Welcome back to Forgotten Fact Checks, a weekly column produced by National Review’s News Desk. This week, we look back at even more disappointing coverage of the Israel–Hamas war, refute Axios’s claim that an open U.S. southern border is a conservative myth, and cover more media misses.

New York Times Admits Mistake on Gaza Hospital Explosion Coverage

The New York Times published an editor’s note on Monday acknowledging that its editors “should have taken more care with the initial presentation” of the coverage of an explosion outside a Gaza hospital last week; the paper had been quick to run with the Hamas-backed Gaza Health Ministry’s claims that the blast was caused by an Israeli air strike that killed hundreds.

President Biden has since made clear that Israel was not to blame for the blast, which U.S. officials say killed between 100 and 300 people.

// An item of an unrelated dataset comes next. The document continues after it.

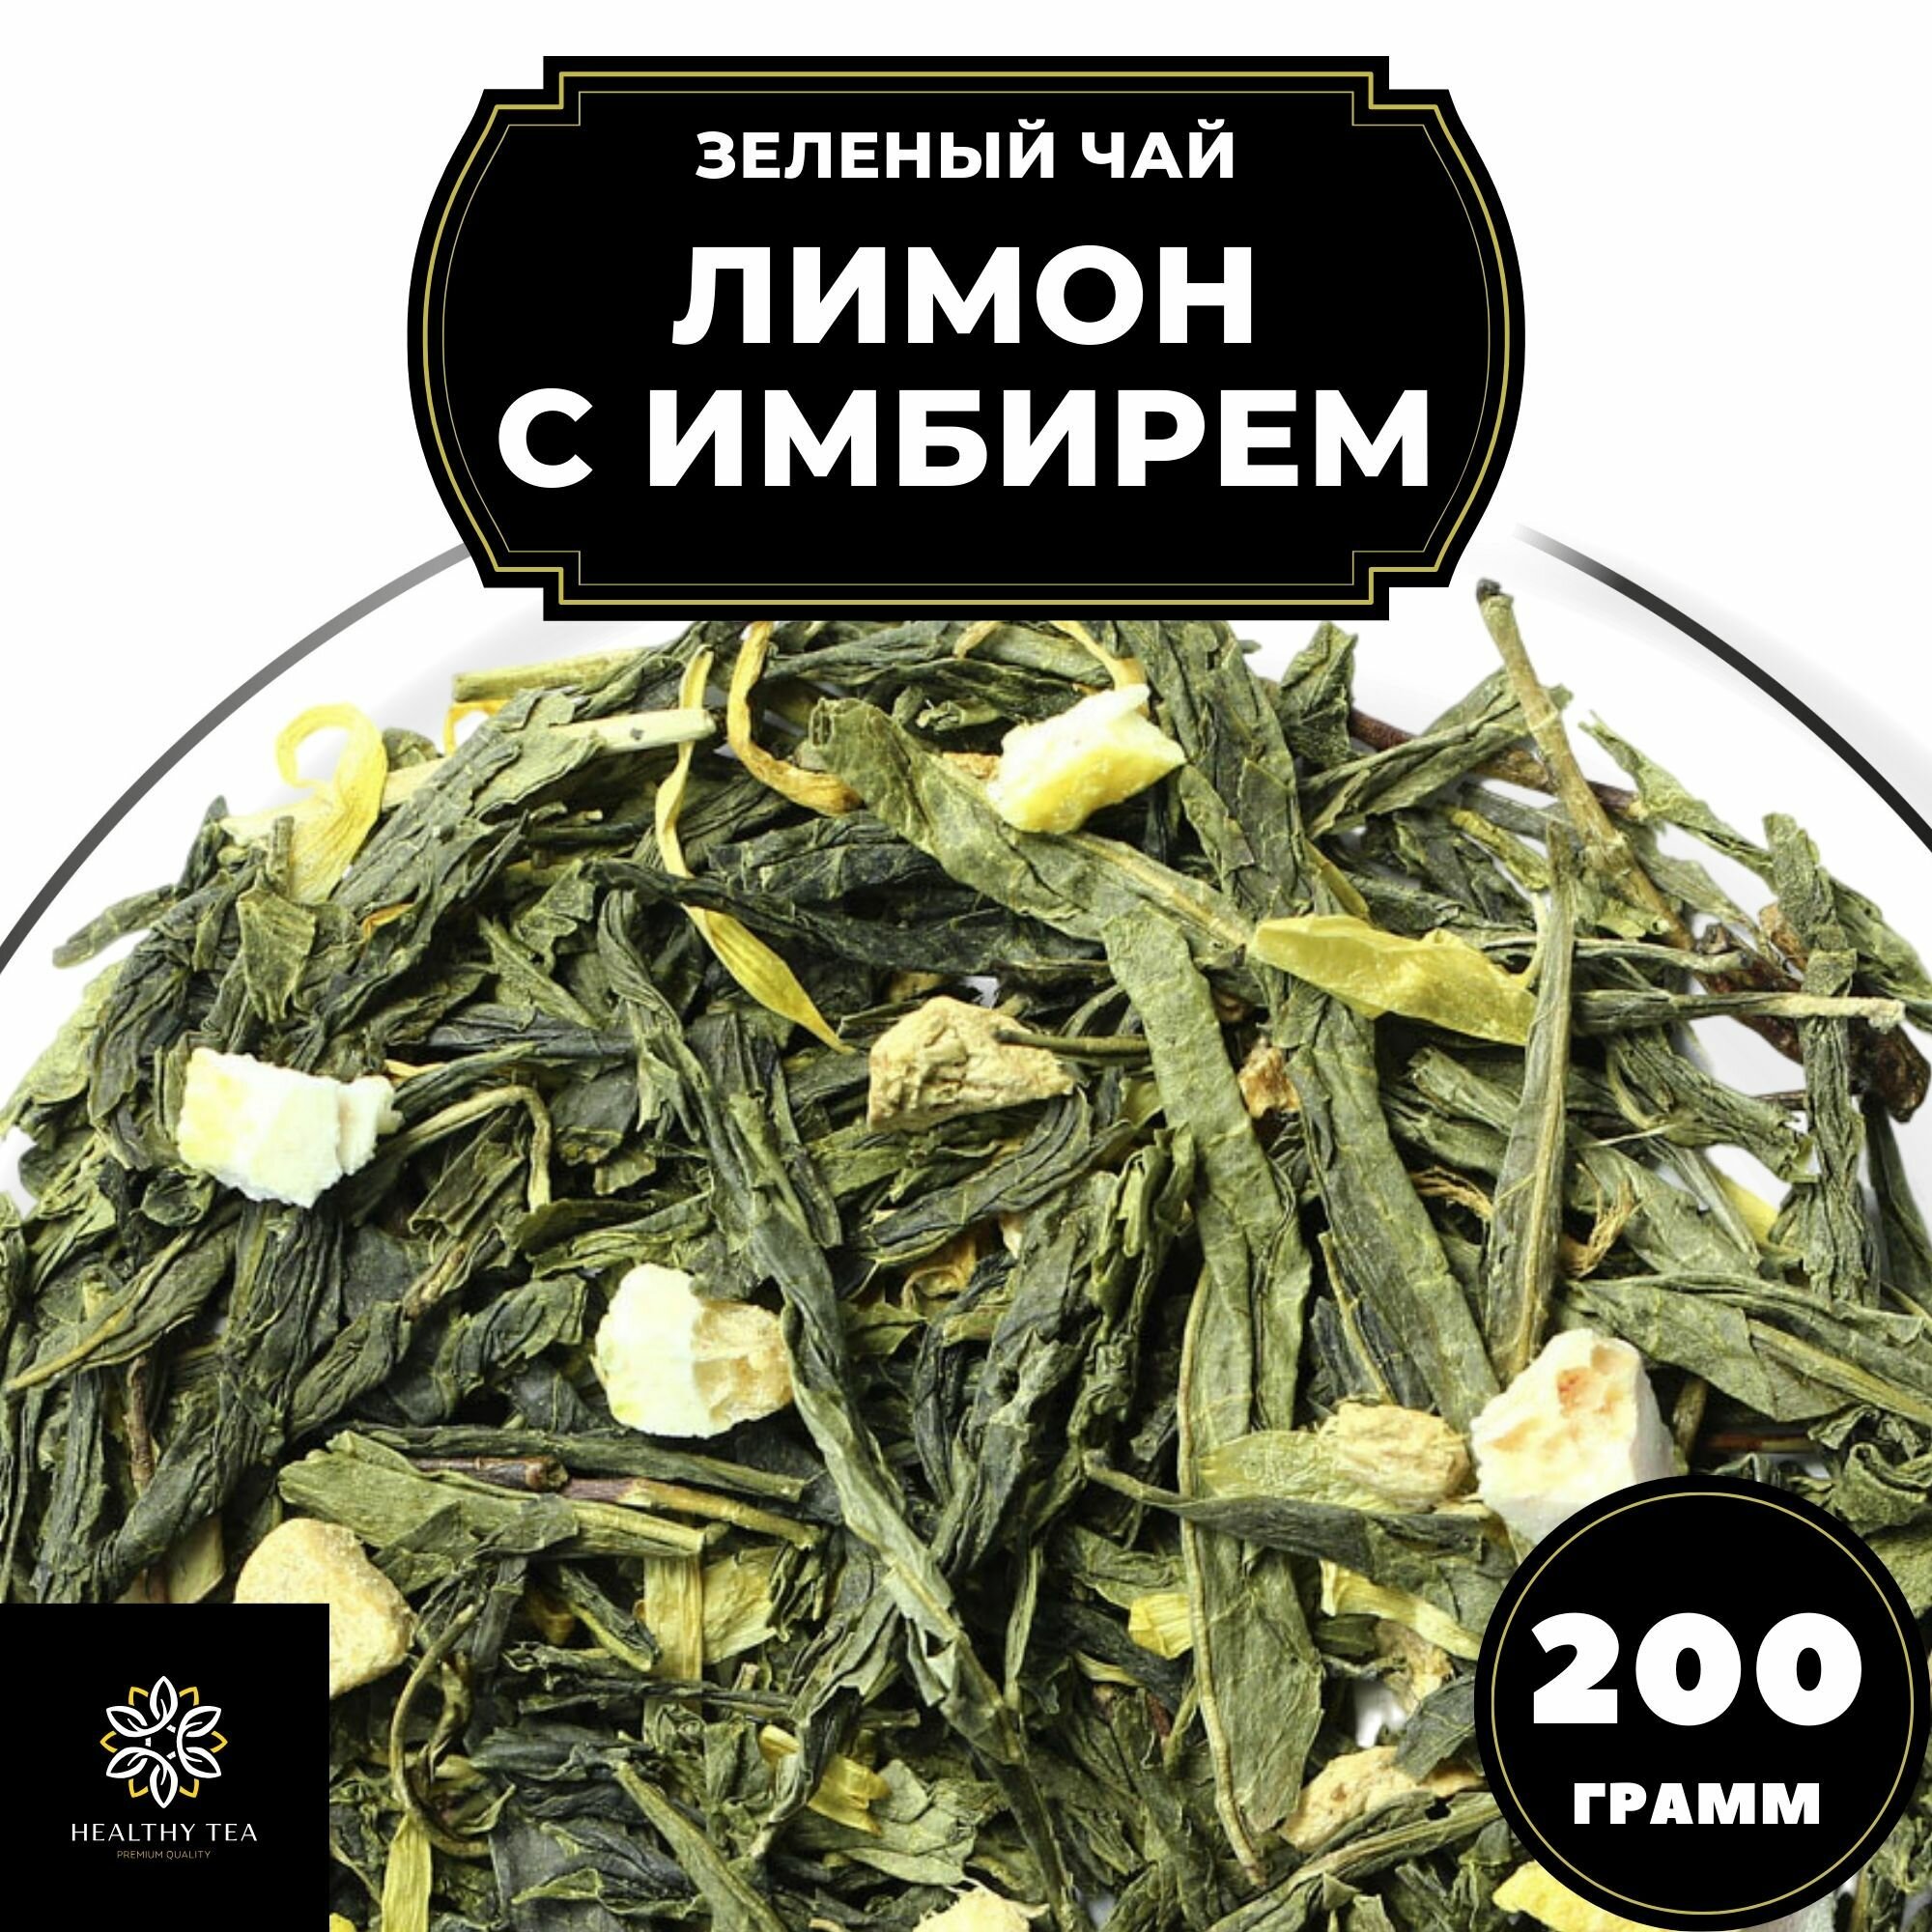 Китайский Зеленый чай с имбирем, лимоном и календулой Лимон с имбирем Полезный чай / HEALTHY TEA, 200 г

The Israel Defense Forces have said the explosion was caused by a rocket misfire launched by Islamic Jihad, a conclusion that’s since been confirmed by video analyses conducted by the Associated Press, the Wall Street Journal, and CNN.

“The Times’s initial accounts attributed the claim of Israeli responsibility to Palestinian officials, and noted that the Israeli military said it was investigating the blast. However, the early versions of the coverage — and the prominence it received in a headline, news alert and social media channels — relied too heavily on claims by Hamas, and did not make clear that those claims could not immediately be verified. The report left readers with an incorrect impression about what was known and how credible the account was,” the editor’s note said.

“The Times continued to update its coverage as more information became available, reporting the disputed claims of responsibility and noting that the death toll might be lower than initially reported,” the note added. “Within two hours, the headline and other text at the top of the website reflected the scope of the explosion and the dispute over responsibility.”

The editor’s note concluded: “Given the sensitive nature of the news during a widening conflict, and the prominent promotion it received, Times editors should have taken more care with the initial presentation, and been more explicit about what information could be verified. Newsroom leaders continue to examine procedures around the biggest breaking news events — including for the use of the largest headlines in the digital report — to determine what additional safeguards may be warranted.”

Just three days ago, New York Times opinion columnist Michelle Goldberg argued that it is “impossible to know what to believe in this hideous war.”

“As a few bleak anecdotes illustrate, it is often impossible, in real time, for outsiders to know what is happening in the ceaselessly reigniting war between Israel and the Palestinians,” she wrote, explaining that she went to bed on the day of the hospital blast last week “assuming, as many people did, that an Israeli airstrike had killed at least 500 people in Al-Ahli hospital in Gaza.”

But it would have taken little effort at all to wait for additional evidence before quickly amplifying Hamas’s version of events.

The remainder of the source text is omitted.